Branch (earlier Branch Metrics) is a mobile software company focused on mobile deep linking and attribution. The headquarters of the Branch is located in Palo Alto, California.

History 
Branch Metrics was founded on April 15, 2014 by Alex Austin, Mike Molinet, Mada Seghete, and Dmitri Gaskin. In the summer of 2014, the company completed the StartX Accelerator program at Stanford University.

In September 2014, Branch announced the completion of a $3 million venture funding round led by New Enterprise Associates. In 2015 Branch won a startup competition at Mobile World Congress. 

In February 2015, the company completed a $15 million Series A funding followed by additional $35 million funding in January 2016. 

In April 2017, the company raised $60 million in Series C funding from Andy Rubin’s Playground Ventures.

In September 2018, the company authorized the sale of $129 million in Series D shares, and acquired the attribution analytics platform TUNE.

In February 2022, Branch raised $300M in Series F funding at a $4B valuation, led by New Enterprise Associates.  

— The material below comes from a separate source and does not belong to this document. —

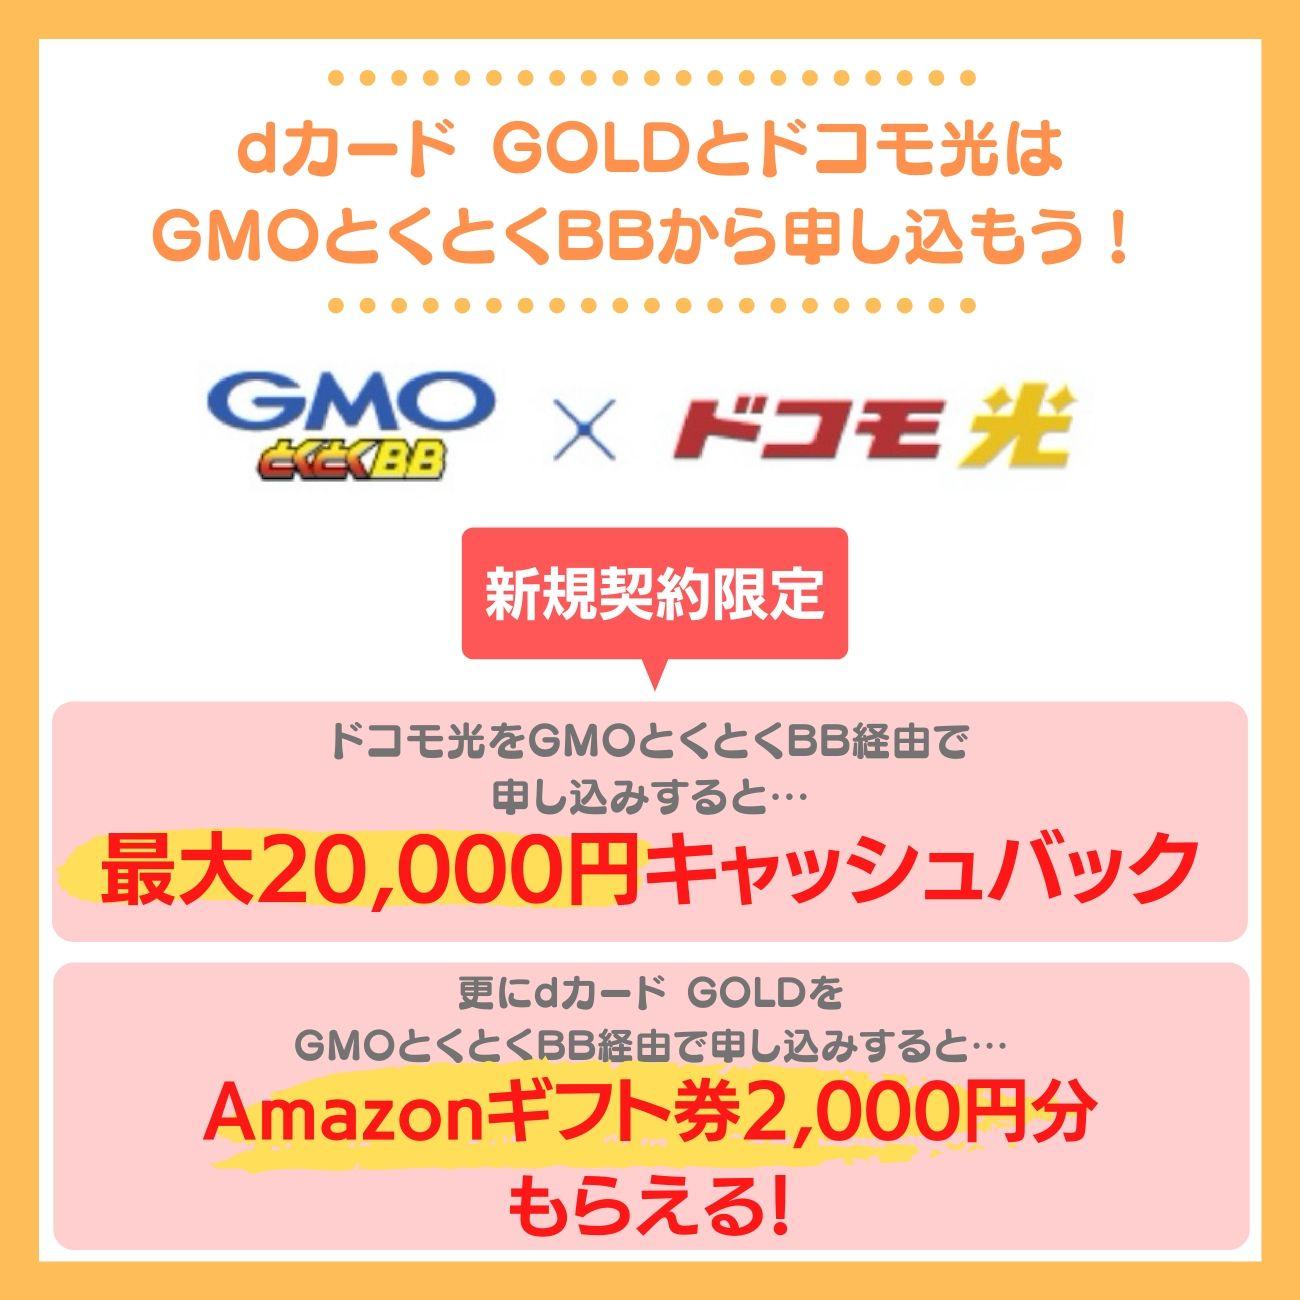 dカード GOLDとドコモ光はGMOとくとくBBから申し込むとお得に!

In 2022, the company acquired two applications of Android customization — Nova Launcher and Sesame Search, and a data platform — AdLibertas.

Technology 
Branch has developed improved deep linking technology that directs users to a specific place within the app the first time a link is clicked, even if the app has not been installed. To do this, Branch Metrics is combining deep linking technology with matching technology.

Branch also uses tools for cohort analysis and touchpoint tracking.